Najcięższy zarzut stawia prezydentowi miasta Centralne Biuro Antykorupcyjne. W oficjalnym komunikacie informuje, że Krzysztof Żuk złamał taki przepis, którego naruszenie wiąże się z utratą stanowiska.
„Składałem oświadczenia”
– Od 1 stycznia 2014 r. do 21 stycznia 2016 r. wbrew zakazowi zasiadał w radzie nadzorczej spółki PZU Życie SA – informuje Piotr Kaczorek z centrali CBA. W ocenie agentów było to zabronionym prawnie łączeniem stanowisk. – Dodatkowo ustalono, że pobierał z tego tytułu wynagrodzenie, w sumie ponad 260 tys. zł – informuje CBA, choć fakt ten i kwoty wynagrodzenia prezydent sam wpisywał w składane corocznie oświadczenia.

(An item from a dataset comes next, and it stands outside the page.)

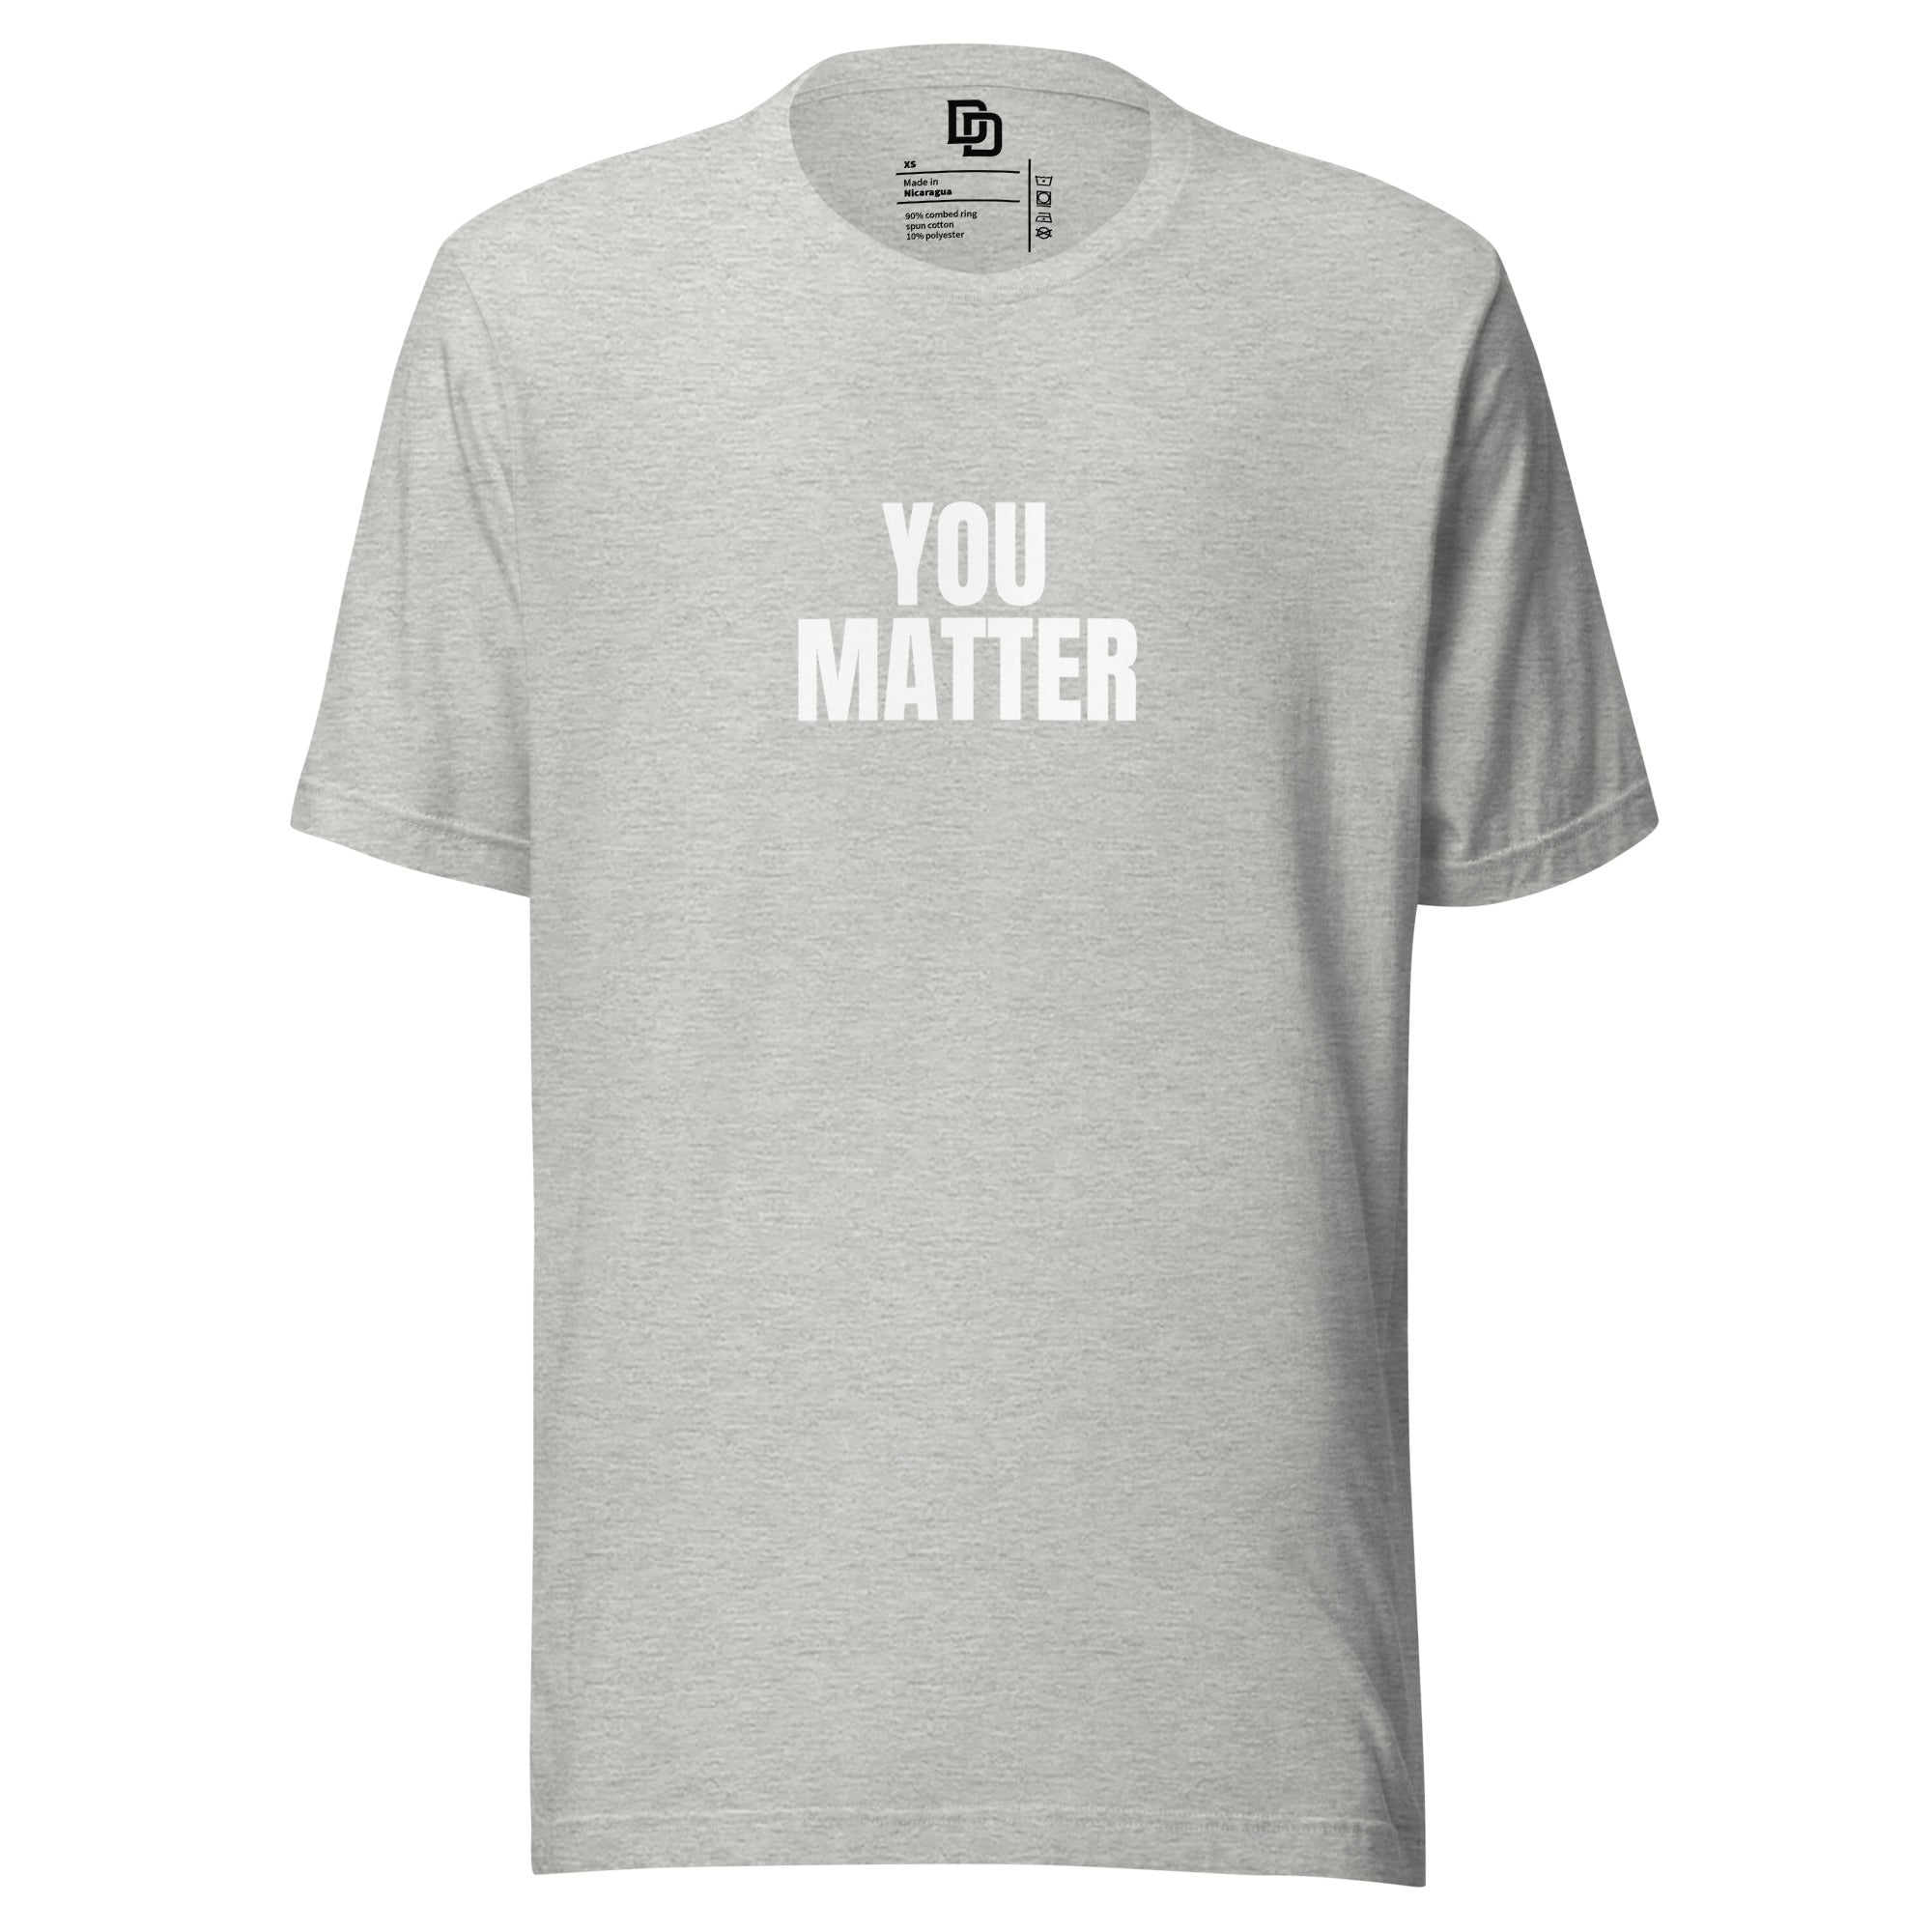 You Matter Version 2 Tee

– Tu nie ma potknięcia prawnego. Są oświadczenia majątkowe od stycznia 2014 r. informujące, że byłem członkiem rady nadzorczej PZU Życie. Nie było to tajemnicą, w oświadczeniach majątkowych to wskazywałem, były też wskazywane uzyskiwane wynagrodzenia. Dlaczego więc CBA nie podejmowała takich działań w 2014 i 2015 r.? – pyta Krzysztof Żuk, prezydent Lublina. Odrzuca proste skojarzenie, że Centralne Biuro Antykorupcyjne mogło wcześniej tę sprawę zwyczajnie przeoczyć. – CBA ma ustawowy obowiązek badać oświadczenia majątkowe i wiem, że moje oświadczenie było badane.
Zakaz i wyjątki
Przepis, którego złamanie zarzuca prezydentowi CBA, znajduje się w tzw. ustawie antykorupcyjnej. Zabrania ona między innymi zasiadania w zarządach czy radach nadzorczych spółek prawa handlowego osobom zajmującym określone stanowiska, w tym również prezydentom miast. Złamanie takiego zakazu powoduje „wygaśnięcie mandatu” prezydenta, czy też wójta, czyli – nazywając to wprost – utratę stanowiska.
Ale obok tak stanowczego zakazu są jednak wyjątki zapisane w jednym z artykułów ustawy. To na nie wskazuje prezydent Lublina, a CBA się z nim nie zgadza.